Should the evidence be excluded?
(i) General Principles
[41] Section 24(2) of the Charter provides that, where evidence was obtained in a manner that infringed a Charter right or freedom, the evidence shall be excluded if it is established that, having regard to all the circumstances, its admission would bring the administration of justice into disrepute. Such evidence is excluded, not to punish police or compensate for a rights infringement, but because it is necessary to do so to maintain the “integrity of, and public confidence in, the justice system”: R. v. Grant, 2009 SCC 32, at paras. 68-70.
[42] In R. v. Beaver, 2022 SCC 54, Jamal J. summarized the test to be applied at paras. 116-117, observing that the substance of the analysis is the assessment of the impact that admission of the impugned evidence would have on the long-term reputation of the administration of justice. In Grant, at para. 71, the Supreme Court identified three lines of inquiry guiding the consideration of whether the admission of evidence tainted by a Charter breach would bring the administration of justice into disrepute: (i) the seriousness of the Charter-infringing conduct; (ii) the impact of the breach on the Charter-protected interests of the accused; and (iii) society’s interest in the adjudication of the case on its merits. See also R. v. Le, 2019 SCC 34, at paras. 139-142.
[43] As the Supreme Court explained in R. v. Harrison, 2009 SCC 34, [2009] 2 S.C.R. 494, at para. 36, the balancing exercise mandated by s. 24(2) is:
… a qualitative one, not capable of mathematical precision. It is not simply a question of whether the majority of the relevant factors favour exclusion in a particular case. The evidence on each line of inquiry must be weighed in the balance, to determine whether, having regard to all the circumstances, admission of the evidence would bring the administration of justice into disrepute. Dissociation of the justice system from police misconduct does not always trump the truth-seeking interests of the criminal justice system. Nor is the converse true. In all cases, it is the long-term repute of the administration of justice that must be assessed.
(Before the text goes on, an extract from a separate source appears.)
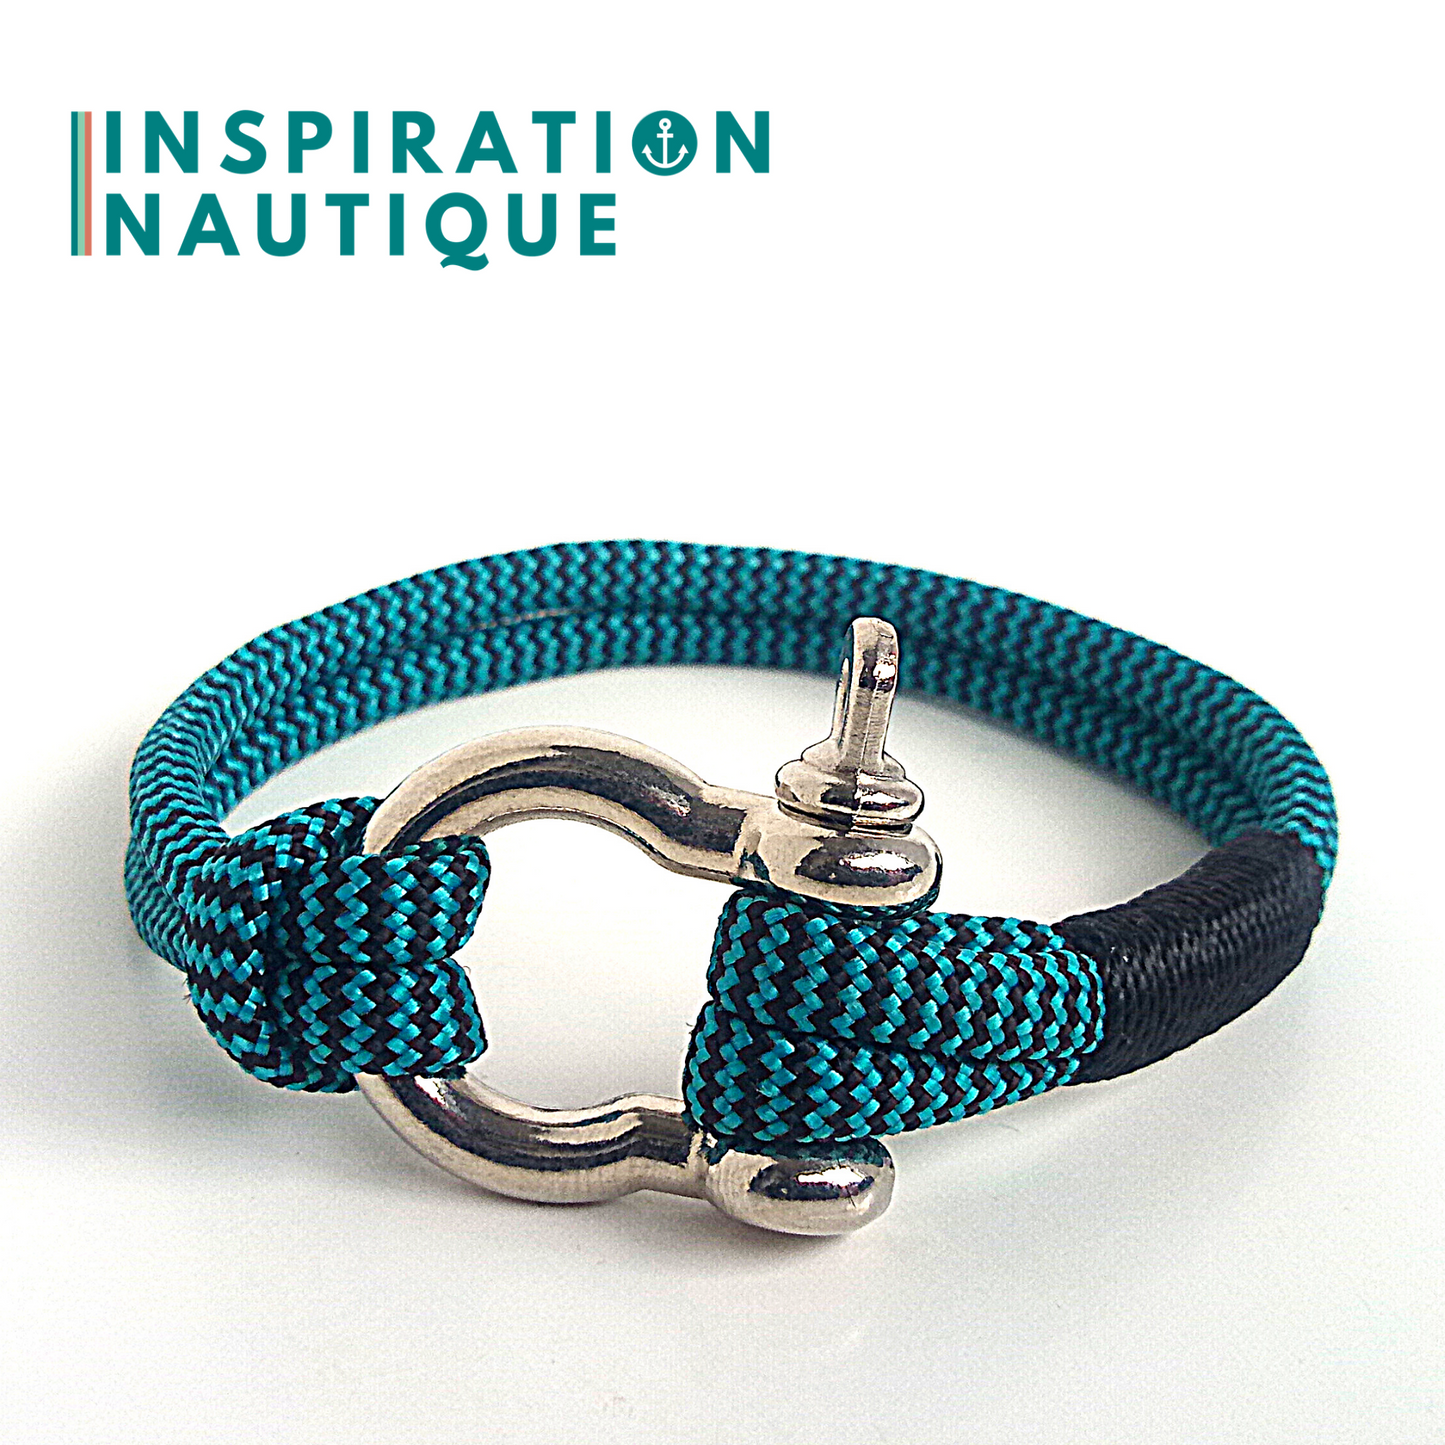 Ready to go | Marine bracelet with shackle for men or women in 550 paracord and stainless steel, Turquoise and black, zigzags, Black whipping, Medium-Large

(ii) The seriousness of the Charter-infringing state conduct
[44] Under the first line of inquiry, the court considers the nature of the police conduct that infringed the Charter and led to the discovery of the evidence. The more severe or deliberate the state conduct that led to the Charter violation, the greater the need for courts to dissociate themselves from that conduct, by excluding evidence linked to that conduct, so as to preserve public confidence in and ensure state adherence to the rule of law: Grant, at para. 72.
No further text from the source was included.